The aims of the review are to shave costs by 5%, to standardise procurement for PPP projects and to prevent failure in large projects. Deryk Eke, OGC construction director, says the review is necessary because the early stages of a project were not being fully considered. "If a project is set up in the right way to begin with, it has more chance of success. Spotting a bad project early on is very important." He adds that he hasn't seen any evidence of an underspend in construction, but that getting government departments to focus on best value has taken time.

"Achieving Excellence, which was launched two years ago to address getting value for money is now starting to have some effect. A cultural change had to take place in government departments, but the industry has to recognise there is an alternative to 'business as usual', too." And it's not just in the area of procurement that the government is slowing down the construction industry.

In its desire to protect Britain's greenfield land, the government has further complicated the planning system to encourage brownfield development. It wants 60% of all new housing to be built on brownfield sites, and the DETR now has the right to veto large greenfield developments. Planning Policy Guidance (PPG3), new government guidance on where to place housing developments, gives more power to local authorities to decide on issues such as density, design and mix of housing schemes, which can only further delay the process. Add to that, in the London area, the stipulation that every housing scheme must contain 50% affordable housing or housebuilders must pay the Greater London Authority compensation.
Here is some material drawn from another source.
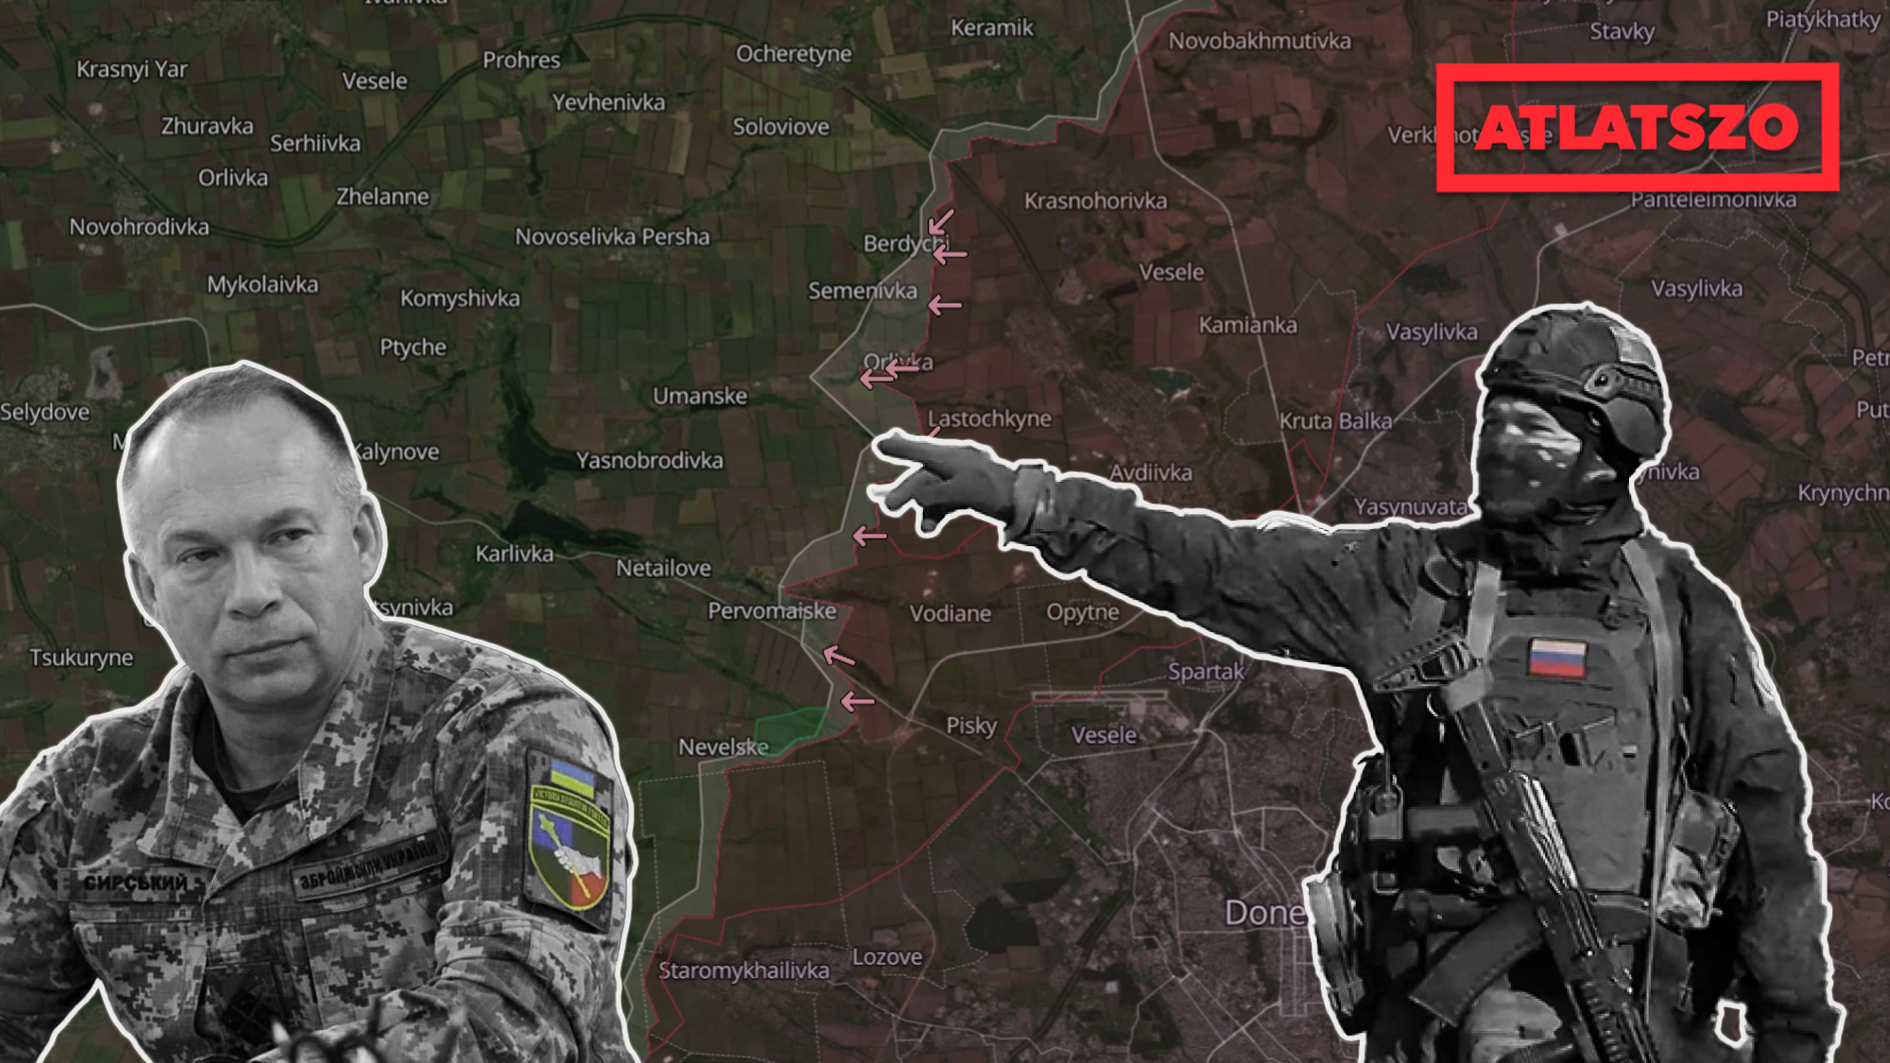 Háború Ukrajnában – ez történt februárban | atlatszo.hu

Longer planning times seem inevitable.

Steve Lidgate, chief executive of Laing Homes, says that over the last two years, the average time from lodging a planning application to building the first house has risen from nine to 14 months. The government aims to process 80% of planning applications in eight weeks. The other 20% can presumably take much longer.

More responsibility
"The trend in recent years has been to give more responsibility for planning to the local community," says Lidgate. "When this government came into power it realised the scale of housebuilding that had to take place, especially in the South-east, but no local community wants a development in its backyard." In the last year, Laing Homes has built fewer houses than in any year since the 1920s, excluding the war years.